Apparatus for measuring the finite load-deformation behavior of a sheet of epithelial cells cultured on a mesoscopic freestanding elastomer membrane.

Details are given for the design, calibration, and operation of an apparatus for measuring the finite load-deformation behavior of a sheet of living epithelial cells cultured on a mesoscopic freestanding elastomer membrane, 10 microm thick and 5 mm in diameter. Although similar in concept to bulge tests used to investigate the mechanical properties of micromachined thin films, cell-elastomer composite diaphragm inflation tests pose a unique set of experimental challenges. Composite diaphragm (CD) specimens are extremely compliant (E<50 kPa), experience large displacements when subject to small inflation pressures (approximately 100 Pa), and must be continuously immersed in a bath of liquid culture medium during the acquisition of load-deformation measurements.

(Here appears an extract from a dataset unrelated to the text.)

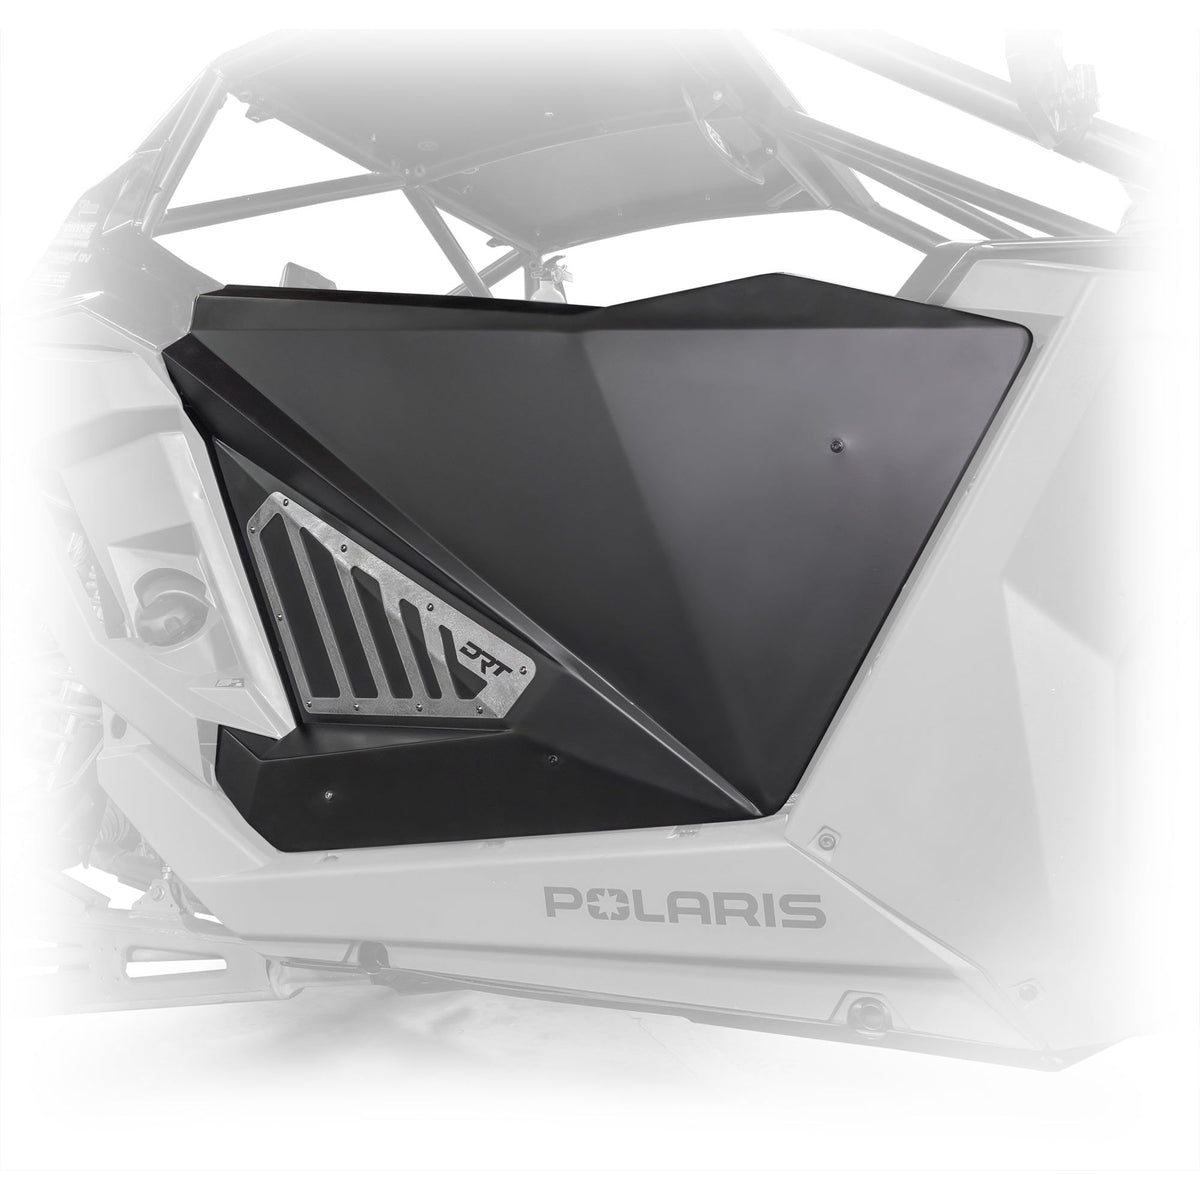 Polaris RZR Pro / Turbo R Aluminum Door Kit | DRT Motorsports

Given these considerations, we have constructed an inflation apparatus consisting of an air-piston-cylinder pump integrated with a modular specimen mounting fixture that constitutes a horizontally semi-infinite reservoir of liquid culture medium. In a deformation-controlled inflation test, pressurized air is used to inflate a CD specimen into the liquid reservoir with minimum disturbance of the liquid-air interface. Piston displacements and absolute pump chamber air pressures are utilized as feedback to cycle the displaced (or inflated) CD volume V in a 0.05 Hz triangular or sinusoidal wave form (V(MIN)=0 microl, V(MAX)<or=40 microl) while simultaneously recording the inflation pressure acting at the fixed boundary of the specimen, p(r=a). Using a carefully prescribed six-cycle inflation test protocol, the apparatus is shown to be capable of measuring the [V, p(r=a)] inflation response of a cell-elastomer CD with random uncertainties estimated at +/-0.45 microl and +/-2.5 Pa, respectively.